In the collection’s final story, “The Meeting,” the first-person narrator dreams of a reunion at her grandmother’s country home, one that takes the shape of an extended metaphor. The dinner guests include the narrator’s family, along with luminaries like Alice Walker and Missy Elliott, as well as Jesus, and a mysterious woman from the kitchen who is invited to the table. The narrator hears lessons from Jesus about the need for love, and all of the guests offer their ideas of the spirit of togetherness in one way or another. The identity of the mysterious woman is revealed, and the house becomes filled with much joy, despite the pervasive sadness of remembering those who are gone. At the end of this story, as with the whole collection, we are left with memorable images of these characters, like people we know, like ourselves, who find joy and beauty in the world, its thrills and adventures, its raw experience, all while carrying sadness deep in their hearts.

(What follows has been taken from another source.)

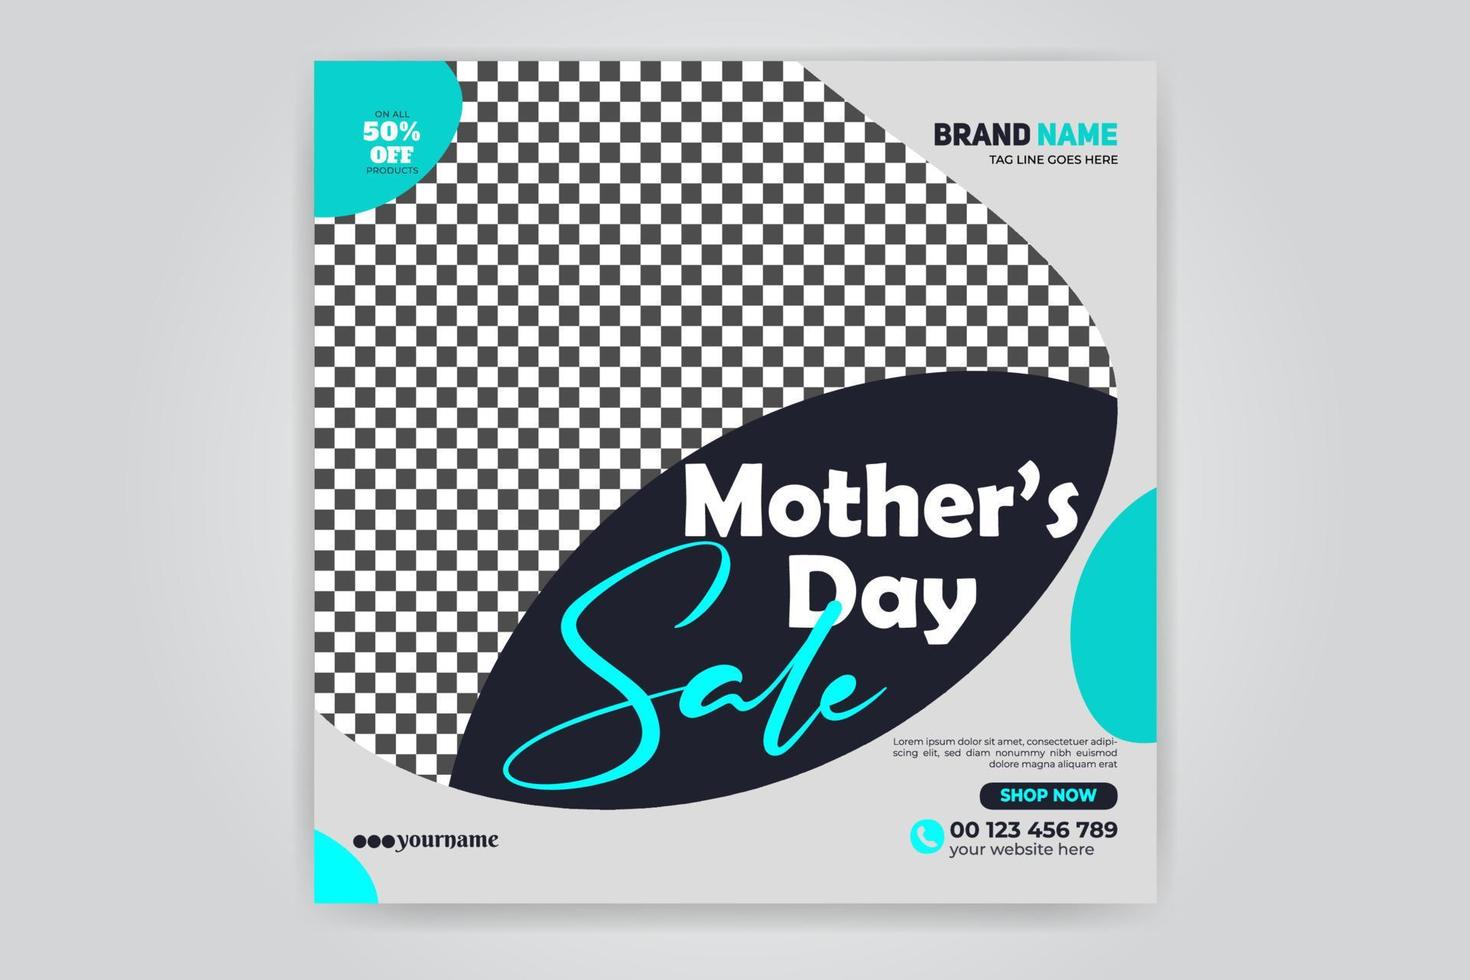 mors dag mode försäljning erbjudande rabatt banner sociala medier post designmall gratis nedladdning vektor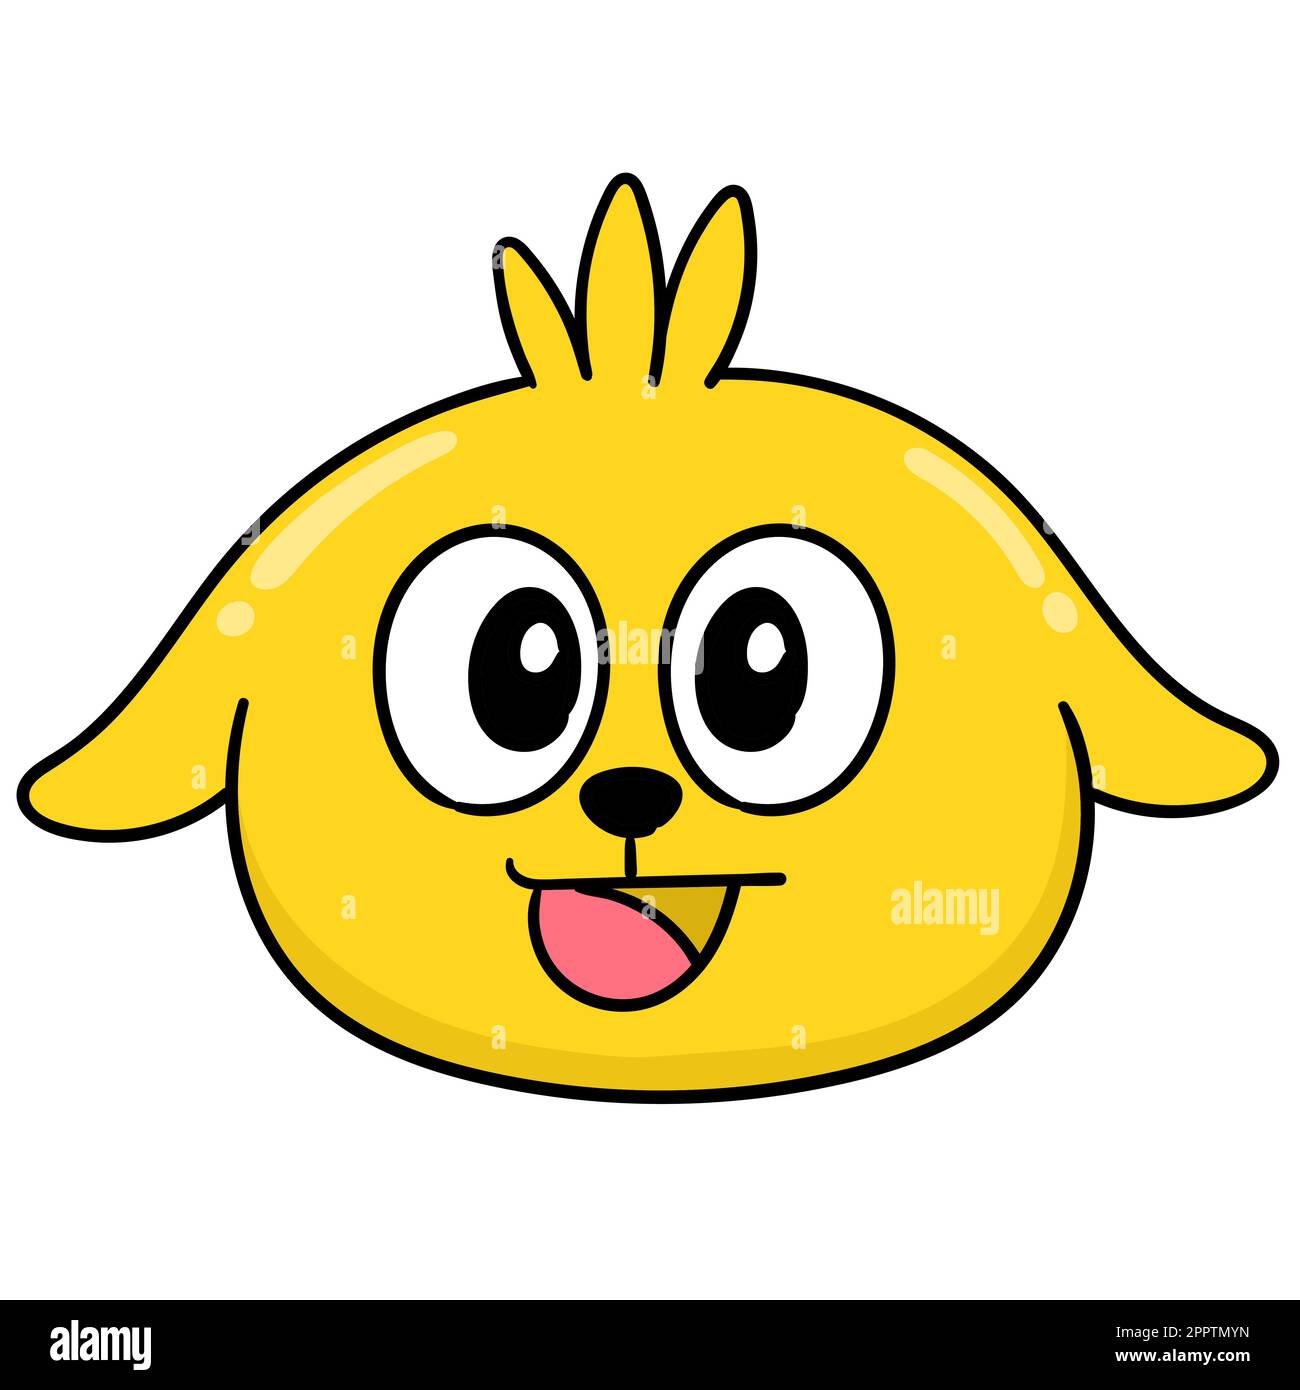 émoticône de tête de chien jaune avec expression rieuse, image d'icône de doodle Illustration de Vecteur

Juyanne James was raised in rural Louisiana. She holds an MA in Literature from the University of New Orleans and an MFA in Writing from Spalding University. Her short fiction has appeared in various journals, including The Louisville Review, Mythium: the Journal of Contemporary Literature and Cultural Voices, and Eleven Eleven, as well as the anthology Something in the Water: 20 Louisiana Stories (Portals Press, 2010). She has written for Symphony Space’s Selected Shorts Commissioning Project (“You Don’t Know Me, Child”), and she has been nominated for a Pushcart Prize on three occasions. Her story, “The Elderberries,” appeared in New Stories from the South: Best of 2009. She has also published the personal essay, “Table Scraps” (Bayou Magazine, 2013), which was a notable in Best American Essays 2014. She lives in New Orleans and teaches writing at the University of Holy Cross.